Bodenoffensive 2.0

Den israelischen Luftangriffen auf Raketenstellungen und Depots der Hamas im Gazastreifen wird bald eine Bodenoffensive folgen, sind sich Experten sicher. Nach fünf Tagen Bombardement dürfte sie unmittelbar bevorstehen. Fachleute des Strategie-Portals „Stratfor“ haben in ihrer Analyse „Considering an Israeli Ground Assault in Gaza“ die israelische Bodenoffensive von 2008/2009 unter die Lupe genommen und potenzielle Brennpunkte für eine Neuauflage aufgezeigt.
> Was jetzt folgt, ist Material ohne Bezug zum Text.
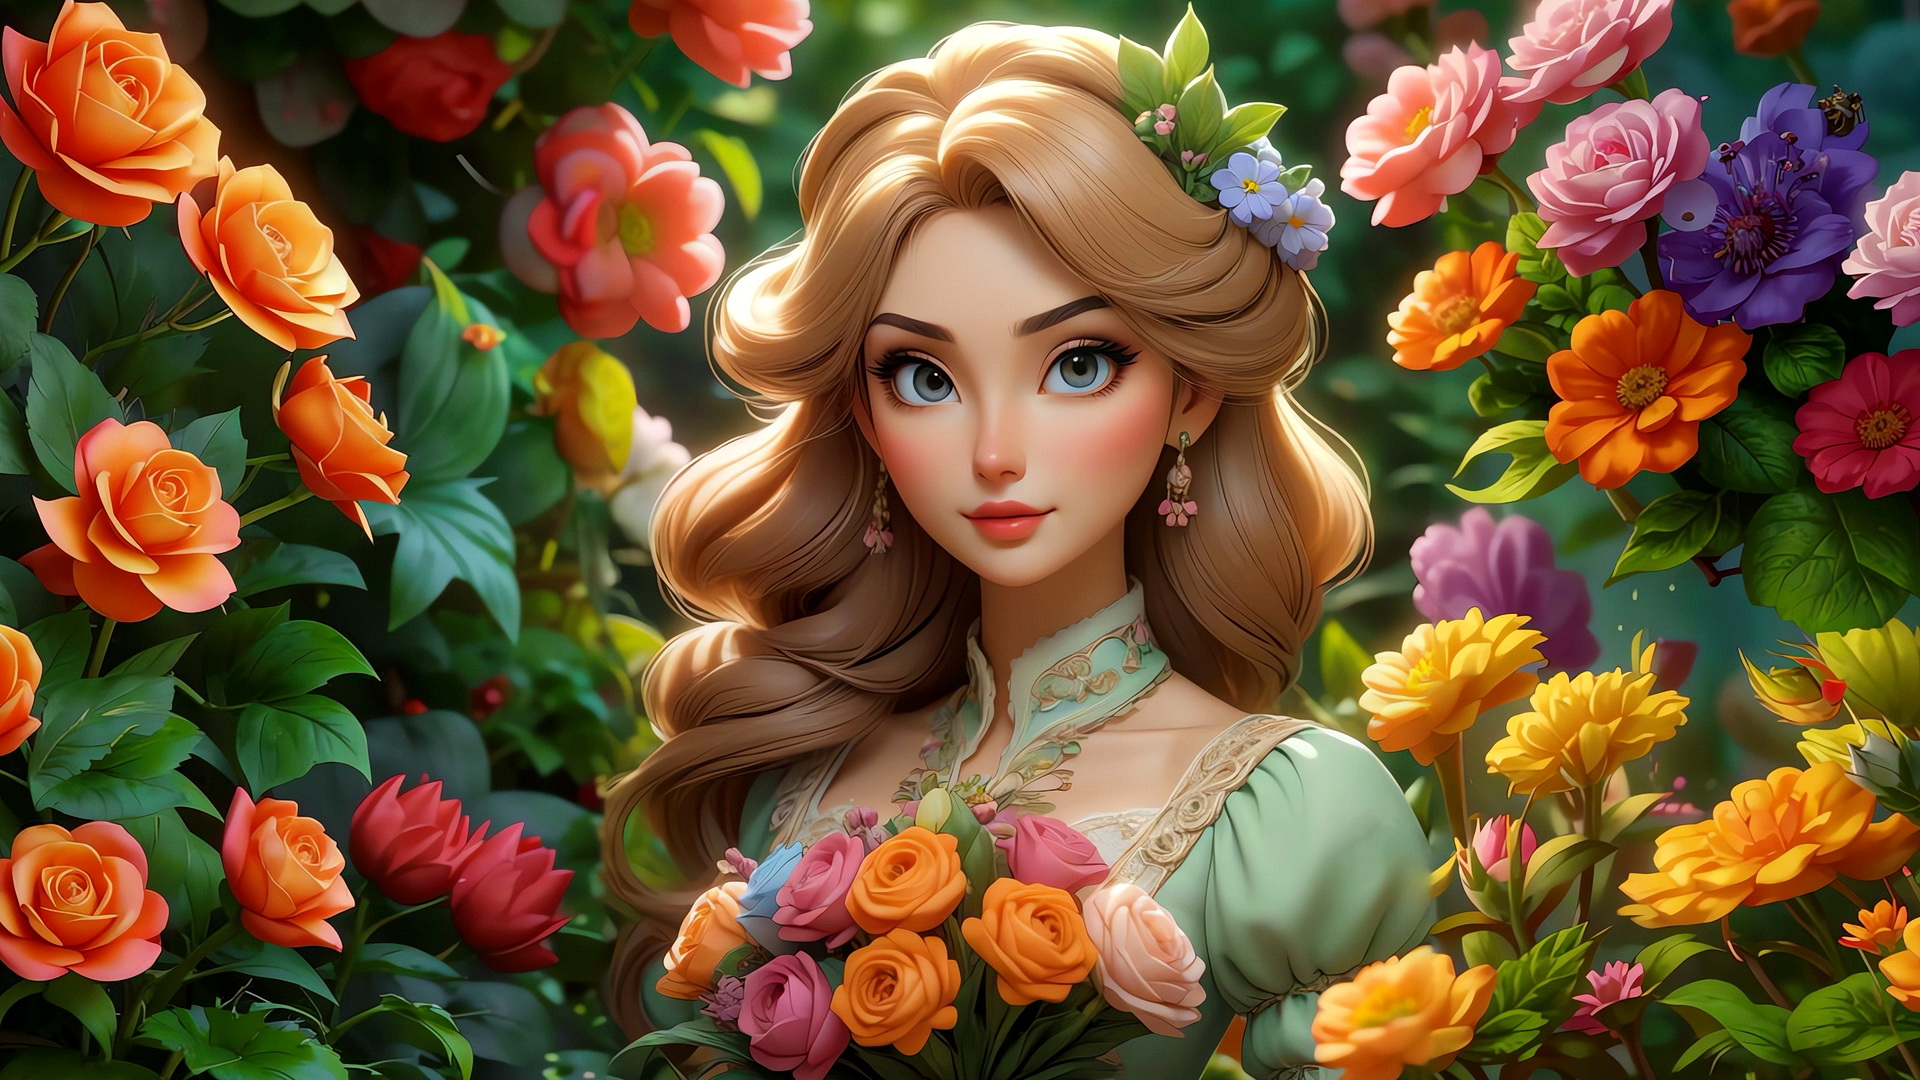 Бесплатное фото Портрет светловолосой девушки и цветы

Im Rahmen der „Operation Gegossenes Blei“ hatte Israel im Dezember 2008 mit Luftangriffen auf den Gazastreifen begonnen, um Raketenstellungen und Depots der Hamas zu zerstören. Nach sieben Tagen Bombardement gingen die israelischen Streitkräfte dann zu einer Bodenoperation über, um mit Panzern, Infanterie, Artillerie und Kampfhubschraubern Hamas-Fabrikationsstätten und Tunnel zu zerstören. Zuvor hatte sie der Hamas ein 48-stündiges Ultimatum gestellt, aber bereits nach 24 Stunden angegriffen, was die Hamas völlig überraschte.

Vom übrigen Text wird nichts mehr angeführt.